Principal Scientific Researcher
Considered the founder of the industry, Genentech, now a member of the Roche Group, has been delivering on the promise of biotechnology for more than 40 years. Genentech is a biotechnology company dedicated to pursuing groundbreaking science to discover and develop medicines for people with serious and life-threatening diseases. Our transformational discoveries include the first targeted antibody for cancer and the first medicine for primary progressive multiple sclerosis.
Peak Picking, Data QC and TargetedMSQC
Identifying quality peaks in any omics dataset is important not just identify existince of
protein/peptides but also separate noise and signal. To be able to classify peak which not only
of good intensity but also follow the rules of similarity, shape and other features as defined.
MSnbase and XCMS two packges help deal with this problem in a rule based method which can be
followed to an extent but manual intervention is required for more intensive tasks especially
DIA data acquisition methods are used. Increasing sample sizes also demand the use of tools that
require minimal to no manual intervention and a quick turnaround time in terms human interpretable results
through either visuals or summary tables.

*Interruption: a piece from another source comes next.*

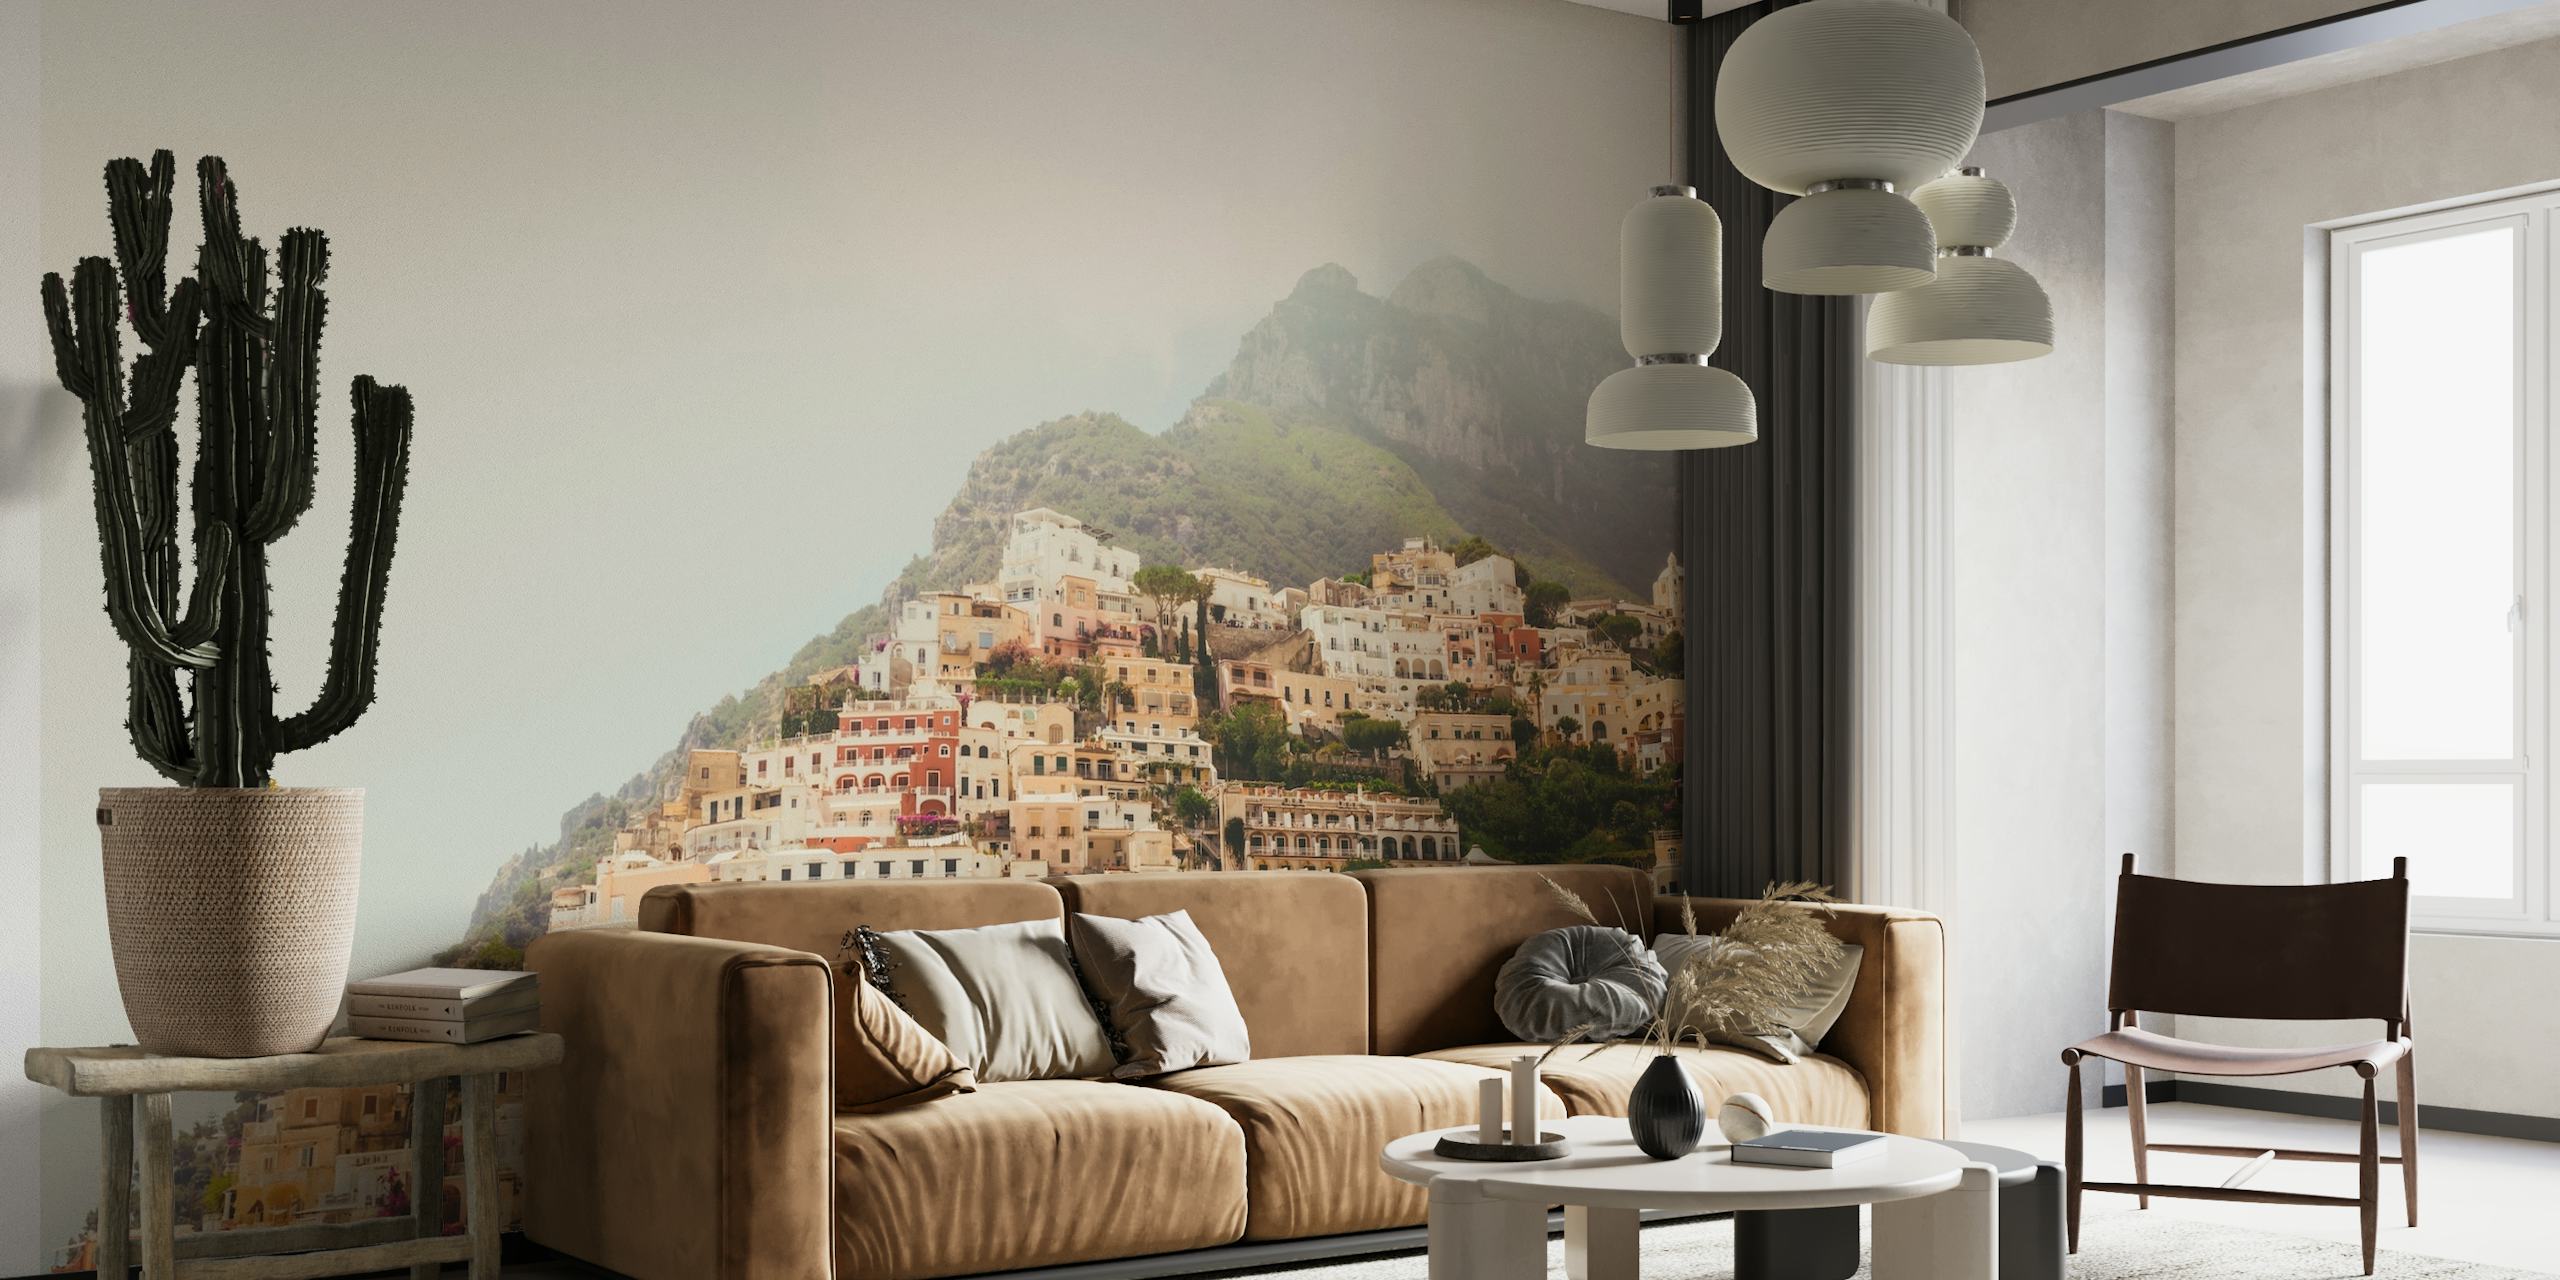 O mural da Costa Amalfitana com casas em tons pastéis nas falésias

TargetedMSQC was a package developed in-house at Genentech and published for through the paper Quality assessment and interference detection in targeted mass spectrometry data using machine learning the package enables us to use supervised machine learning methods to classify peak quality. My work involved re-factoring the package, do feasibility study around extending a use case for DIA methods and develop an interface to interact with the results without needing to code.

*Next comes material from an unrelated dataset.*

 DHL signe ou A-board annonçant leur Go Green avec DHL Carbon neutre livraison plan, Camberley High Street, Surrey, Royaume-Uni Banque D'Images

Large sample size and MSstats
MSstats suite of statistical packages help lab based and data scientists analyse Mass Spec proteomics data generated by various tools like Spectronaut, Skyline, DiaNN to name a few. These tools
work very efficiently on limited number of samples very well. One such analytical project involved analysing a CSF dataset with close to 150 samples with data collected using the DIA method resulting
in close to 8000 proteins with multiple fragment ion, differing charge states and having a heavy (reference) and light (target) state. The resulting data file generated by intermediate tools very over
~20GBs and a newer CSF study with 300 samples to ~105GBs.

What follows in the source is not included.